Description
This bit has been harder to compare than earlier parts, but I think I can say with a high degree of confidence now that RANSAC correlations differ between PyPREP and MATLAB PREP.
Before I get into the details, some other relevant stuff I've learned:
- MatPREP's internal
spherical_interpolation
function and MNE's internal_make_interpolation_matrix
functions produce identical outputs, given the same inputs! This is a huge relief, and one less thing we have to worry about or figure out. - Conversely, there's something weird about how MNE's
mne.channels.read_custom_montage
imports.elp
files, like the one bundled with EEGLAB we've been using for the MatPREP data. Specifically, if I just load my pre-cleanlined and montage'd .set/.fdt files into MNE, the Cartesian X/Y/Z coordinates for the electrodes more-or-less line up with MATLAB (the X and Y axes are swapped) and the interpolation matrices match exactly. However, if I re-read thestandard-10-5-cap385.elp
montage into MNE and apply it to the file, the coordinates and interpolation matrices both differ quite a bit. Not sure what this is all about, but regardless I don't think it's a PyPREP bug.

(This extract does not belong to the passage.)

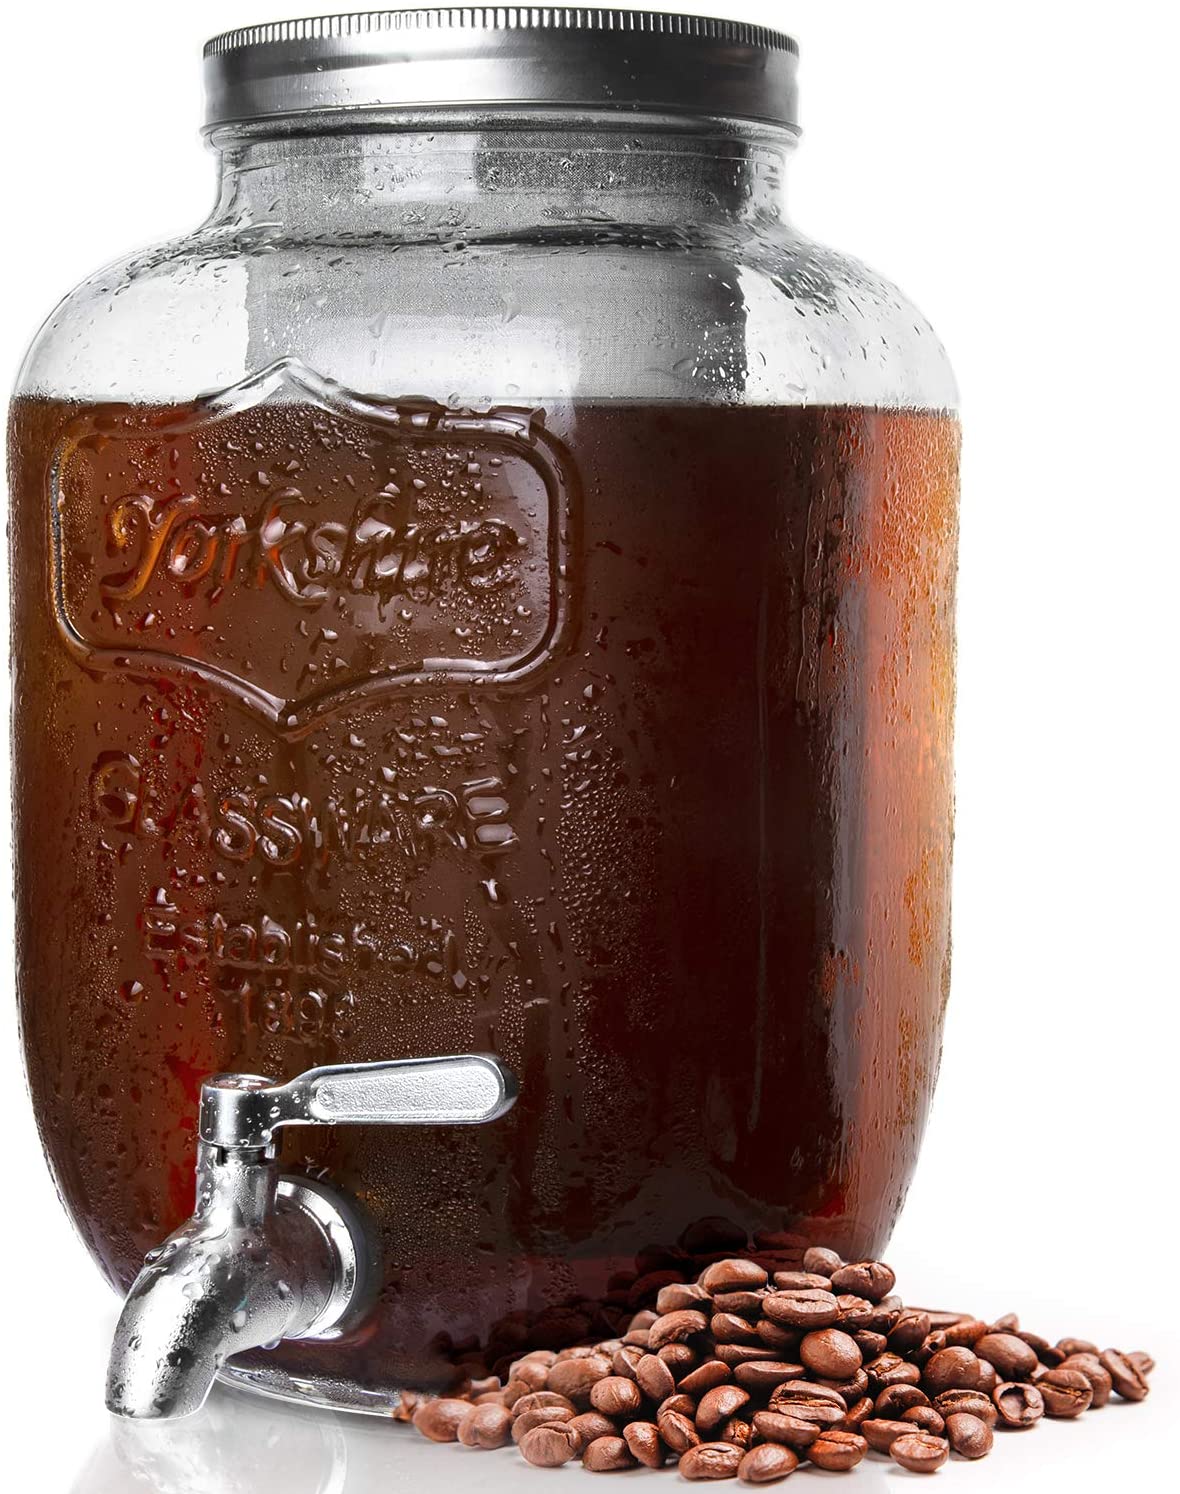 Kitchentoolz 1 Gallon Premium Cold Brew Coffee Maker - 4 Quart Strong Glass Dispenser with Metal Spigot Dispenser, Metal Filter and Airtight

Anyway, the gist of the difference (and why it's been so hard to dig into): MatPREP and PyPREP have two very different approaches of getting the same RANSAC correlation results. Here's a quick overview:
MATLAB PREP's RANSAC:
- Choose random channels for each RANSAC sample.

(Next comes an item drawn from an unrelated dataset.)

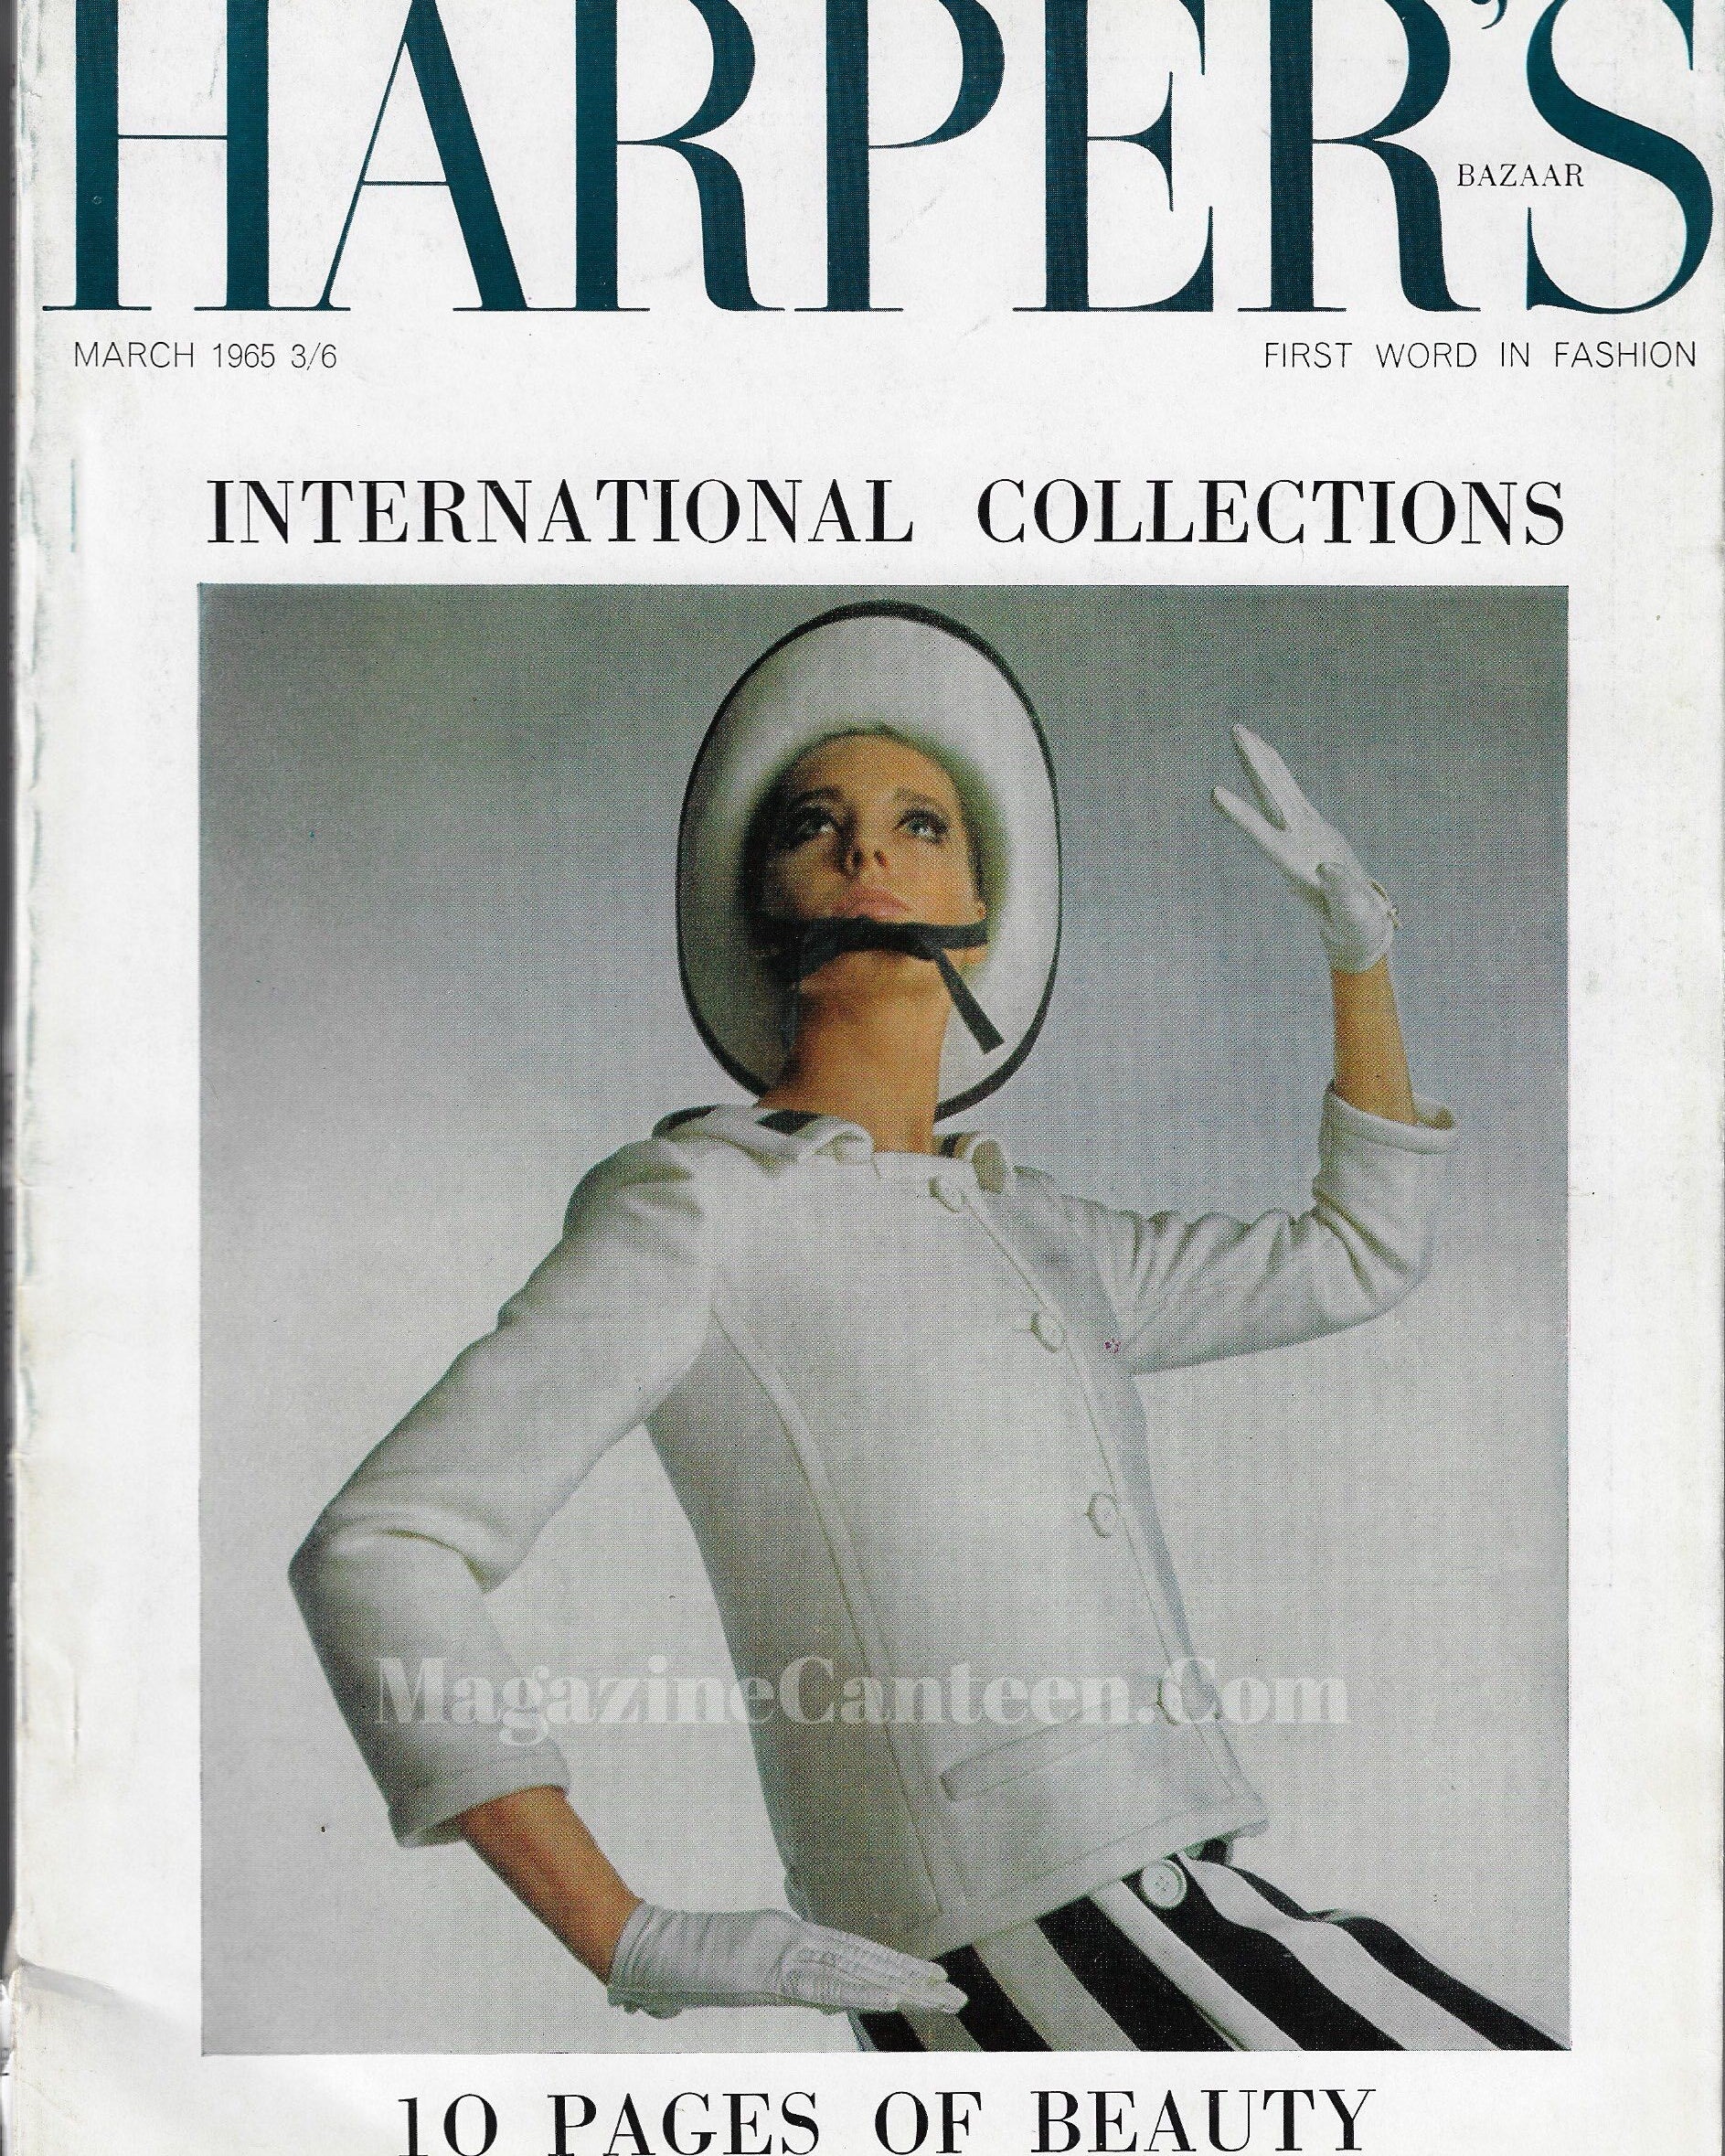  1Harpers Bazaar Magazine - David Montgomery 1965 March

- Generate interpolation matrix for all channels for each RANSAC sample.
- For each 5 second RANSAC window in the data, calculate the predicted signal for each channel across each of the 50 RANSAC samples, and then correlate the predicted values with the actual values to get a correlation for each channel in that window.
- After calculating a matrix of correlations of size [number_of_ransac_windows, number_of_channels], apply thresholding and identify channels that fall below target.
PyPREP's RANSAC:
- Choose random channels for each RANSAC sample.
- Determine the amount of available RAM and split the channels-to-predict into chunks accordingly.
- For each chunk of channels to predict:
- For each of the 50 RANSAC samples, calculate the interpolation matrix and predict the full signal for those channels, saving the output into one large
eeg_predictions
matrix. - After interpolating the signal for all channels in the chunk for all 50 samples, calculate the median EEG signal for each channel from those 50 individual predictions.
- For each 5 second RANSAC window in the data, calculate the correlation between the median predicted signal and the actual signal for the channels in that chunk.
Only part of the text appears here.